À plusieurs reprises, la Conférence Episcopale de Guinée a  invité les chrétiens et le peuple de Guinée au jeûne et à la prière pour exorciser les démons qui pervertissent le cœur et l’esprit de chacun d’entre nous, nous empêchant d’être des serviteurs du bien commun de notre pays. C’est pourquoi elle salue le courage des dirigeants actuels et leurs efforts de s’attaquer de front aux maux qui minent notre société guinéenne. Et elle saisit cette opportunité pour faire ici quelques propositions au CNDD et à tous les guinéens, comme sa modeste contribution, en vue de la reconstruction de la Guinée.

Notre réflexion s’articule autour de trois axes : sur le plan historique, la Guinée est fortement marquée par une histoire mouvementée, ponctuée par de nombreux rendez-vous manqués. Les Guinéens veulent le changement.

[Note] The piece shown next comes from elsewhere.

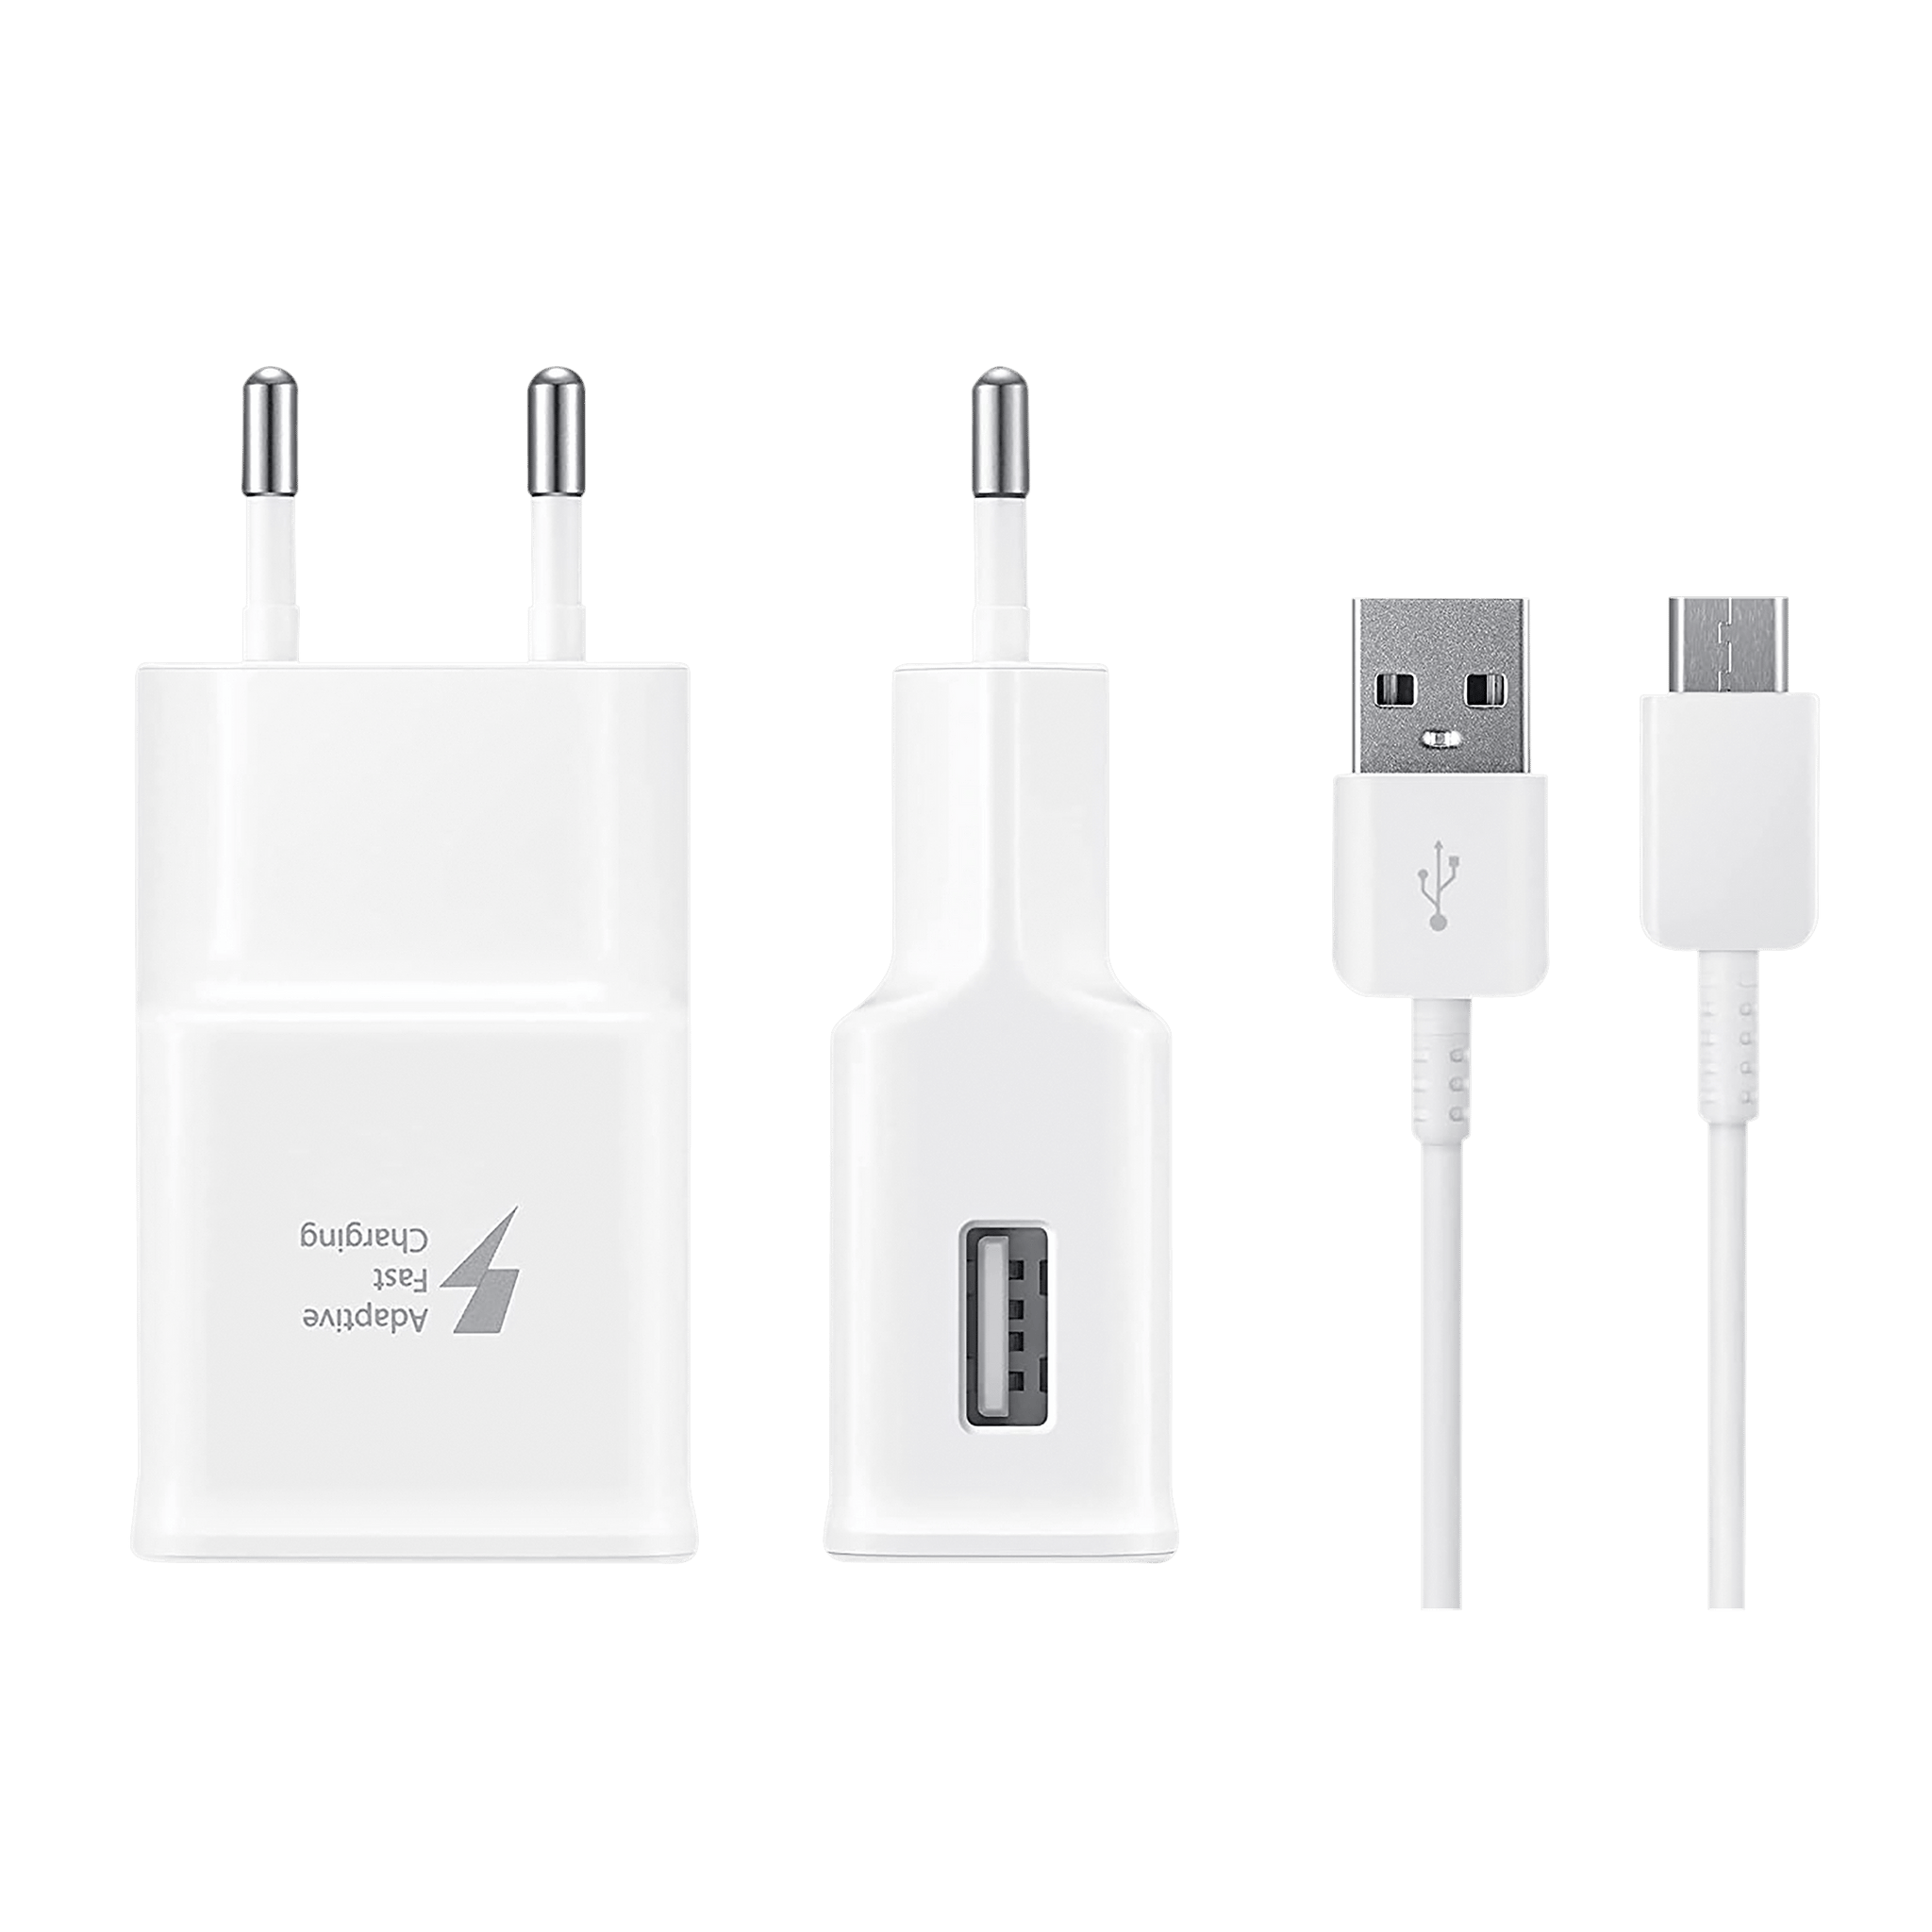  Samsung 15W Fast Charger (Type A to Type C Cable, Sync & Transfer)

Au fond, de quel changement s’agit-il ? Quel pourrait être la signification de ce changement ainsi que son contenu ? Enfin, nous développerons les principes et les conditions de changement pour mieux mettre en lumière les responsabilités des gouvernants, d’une part, et des gouvernés, d’autre part, dans cette nouvelle étape dans laquelle se trouve notre pays.

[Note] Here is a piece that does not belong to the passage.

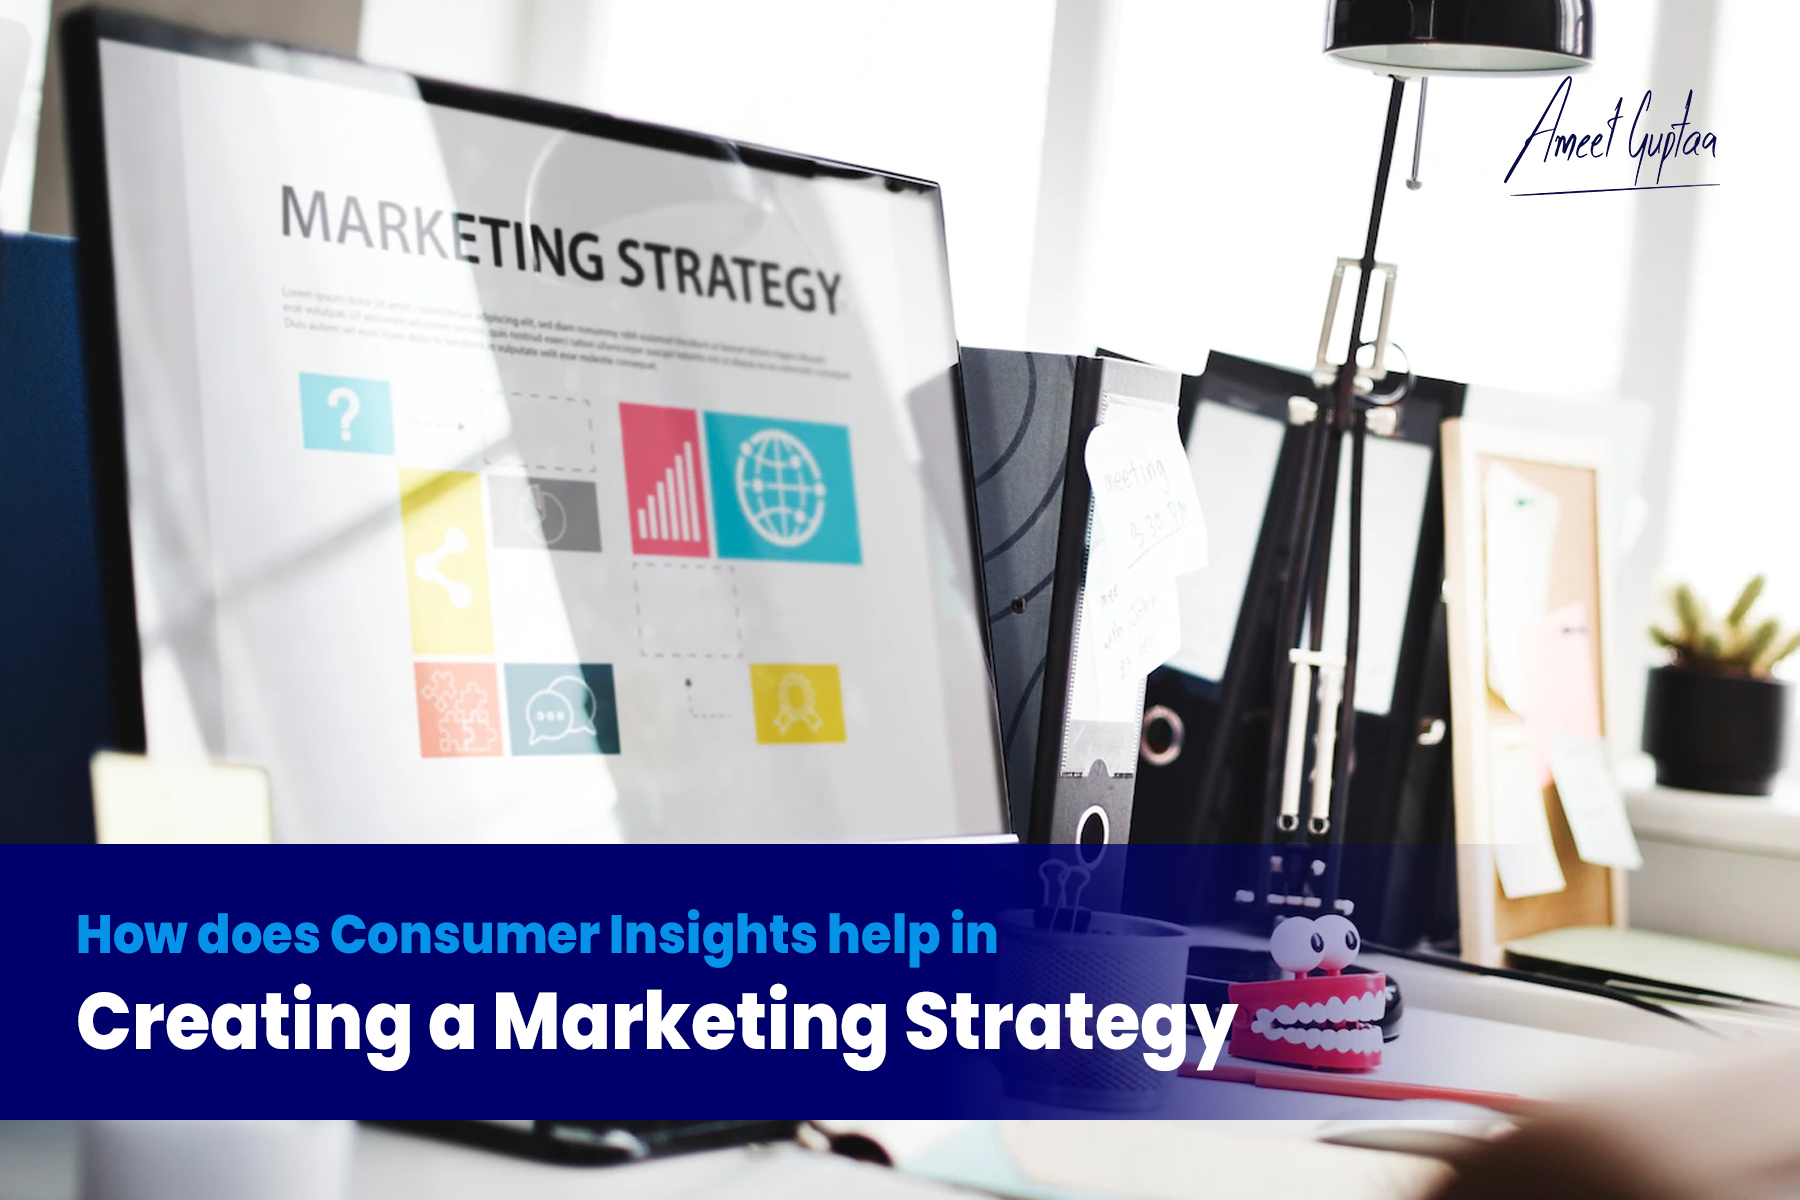 How does Consumer Insights help in creating a Marketing Strategy?

I- LE REGARD SUR LE PASSÉ : UNE HISTOIRE MOUVEMENTÉE ET DES RENDEZ-VOUS MANQUÉS :
Depuis 1958, l’année à laquelle notre pays, la Guinée, opta pour l’indépendance immédiate, rompant tout lien avec la France, son histoire n’a cessé d’être une histoire mouvementée.
Les années 1958-1974 constituent la période rouge de cette histoire tourmentée ; car elles marquent le point culminant de la direction dictatoriale de Ahmed Sékou TOURE ; elles enregistreront de nombreux complots et procès.
Il faut attendre les années 1975-1978 pour voir une timide tentative de rapprochement avec la France. Cette première expérience douloureuse du peuple se clôt le 26 mars 1984 par la mort du Président Sékou TOURE. Une ère nouvelle, pleine d’espérance, s’ouvre devant un peuple martyr.
C’est ainsi, que le 3 avril 1984, le peuple de Guinée commence la rédaction d’une autre histoire : une histoire au menu garni de plats invitant à toutes sortes de bonheur pour les populations. Une histoire qui inspira des chants de liberté sans précédent dans la vie de nos citoyens. Et à la tête de cette nouvelle aventure, il y a le Colonel Lansana CONTE, nouveau Chef de l’Etat, qui se voit tout de suite confronté à de graves difficultés économiques mais qui peut compter sur l’enthousiasme et l’adhésion de tous, hommes et femmes, jeunes et adultes, au programme de reconstruction de la nation.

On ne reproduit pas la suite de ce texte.